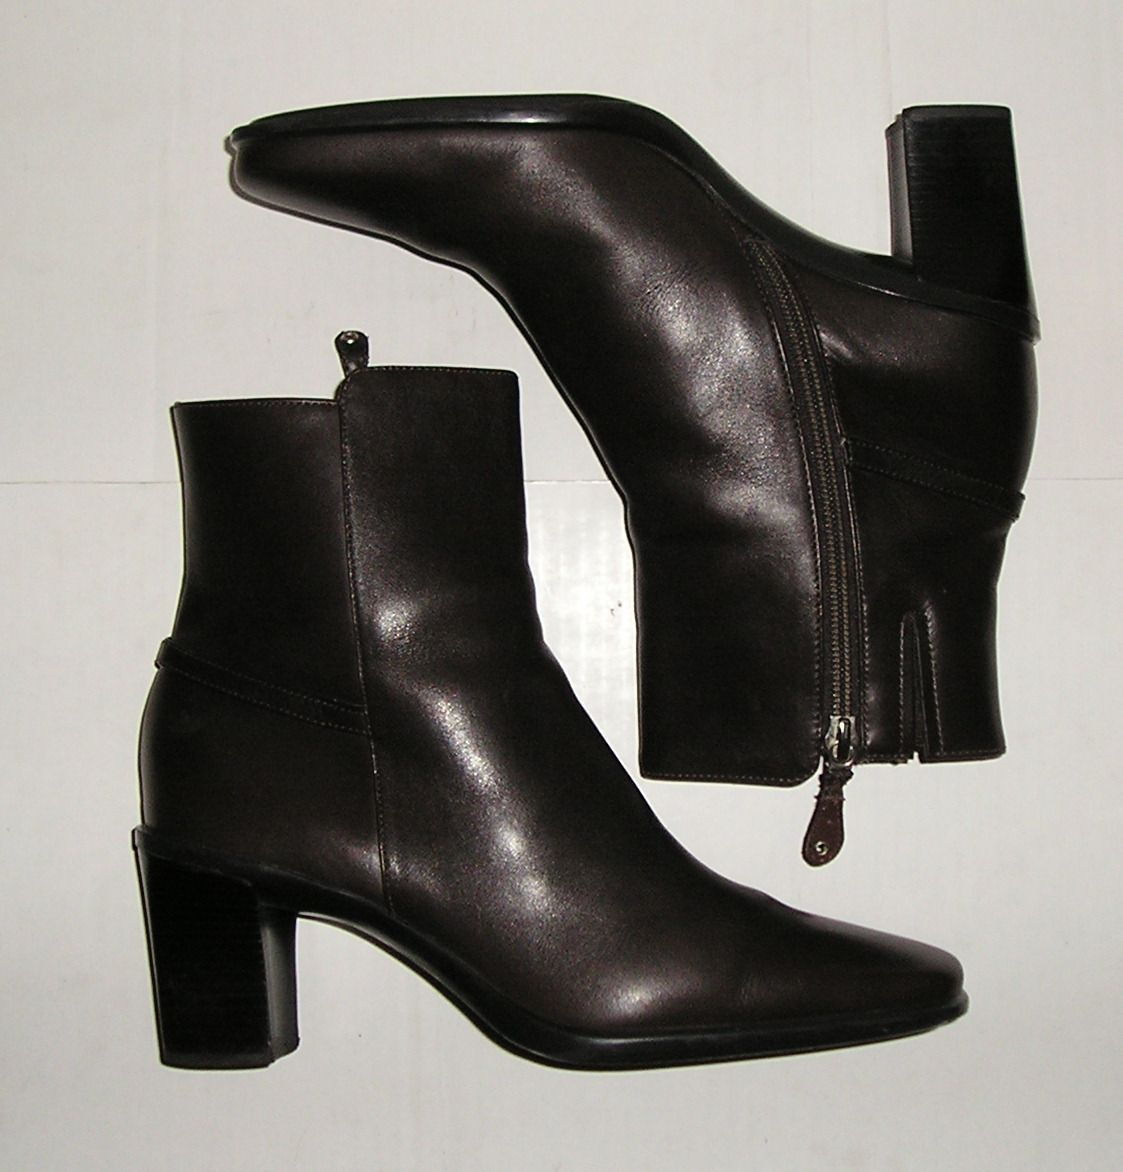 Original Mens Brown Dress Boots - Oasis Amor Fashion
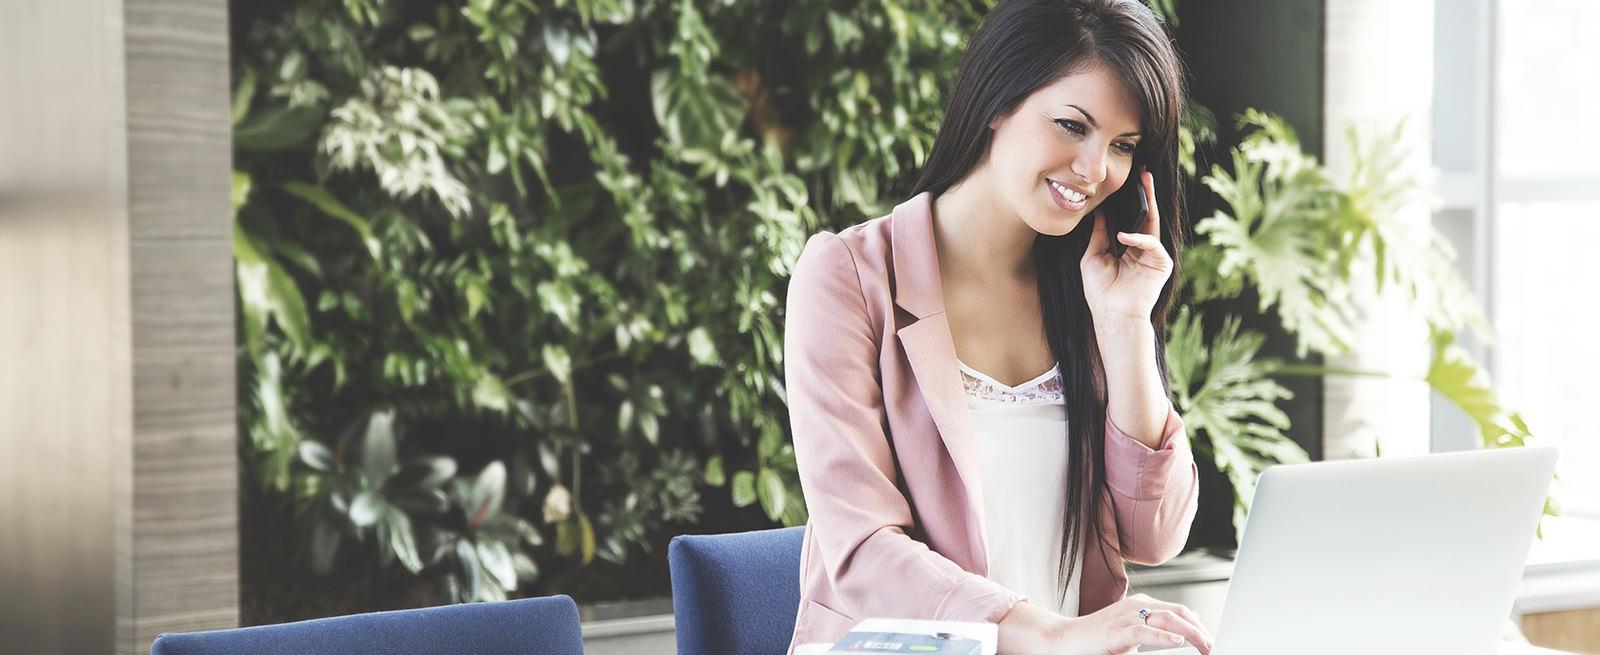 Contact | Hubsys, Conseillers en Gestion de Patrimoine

--

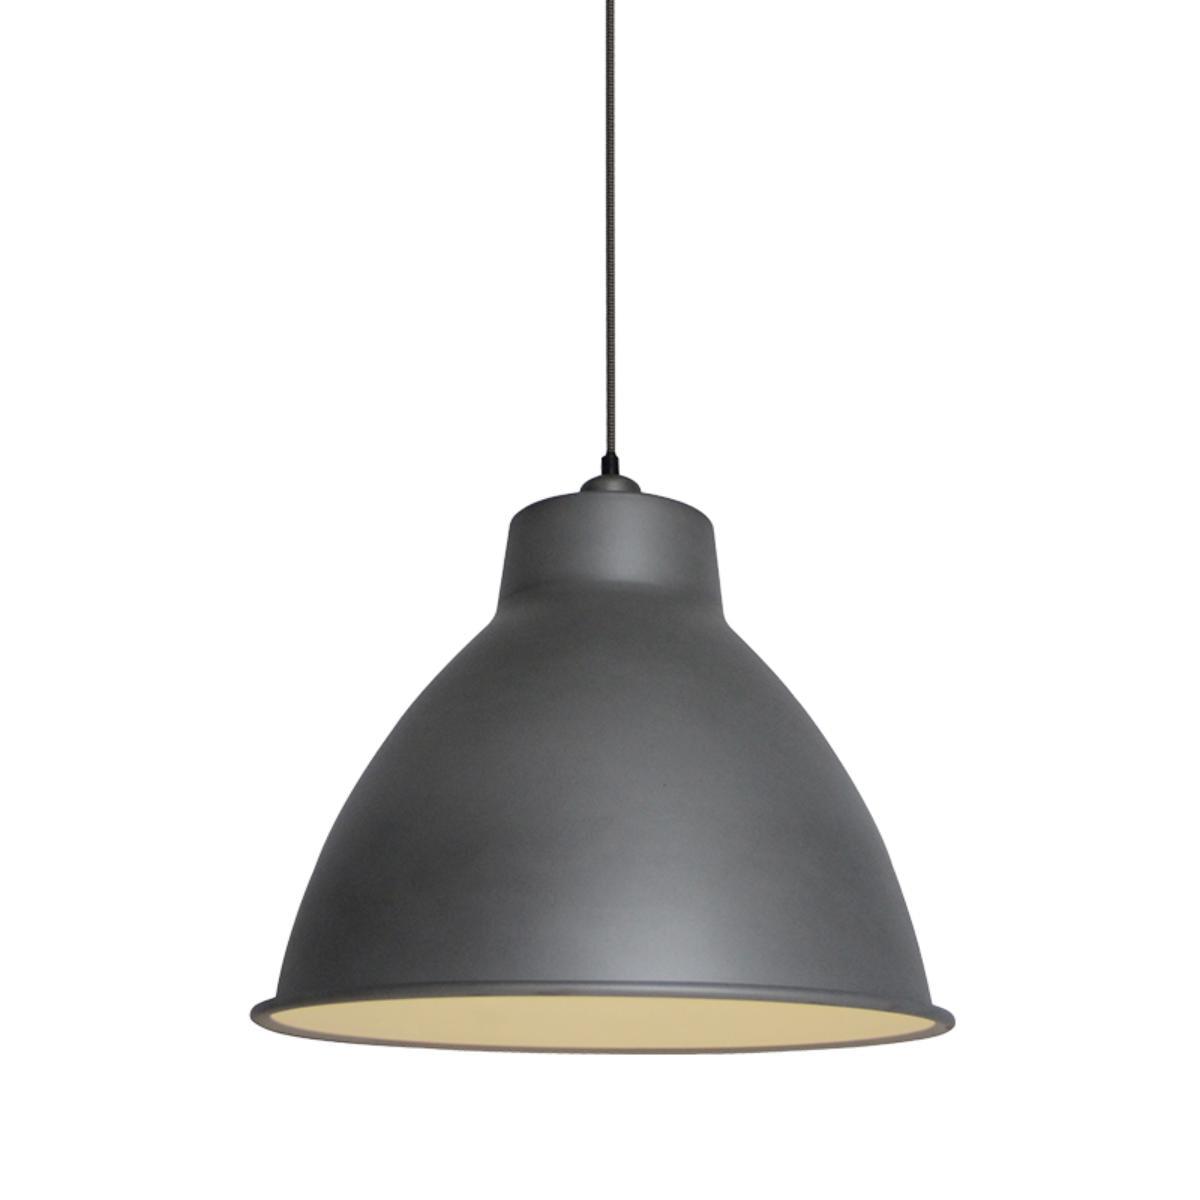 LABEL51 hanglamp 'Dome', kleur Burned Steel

*TASK TO CARRY OUT*
Word for word, write out the lines above running from the one with "Original Mens Brown" up to and including the one with "Contact | Hubsys, Conseillers". Drop any picture.

*RESULT OF THIS EXERCISE*
 Original Mens Brown Dress Boots - Oasis Amor Fashion
 Contact | Hubsys, Conseillers en Gestion de Patrimoine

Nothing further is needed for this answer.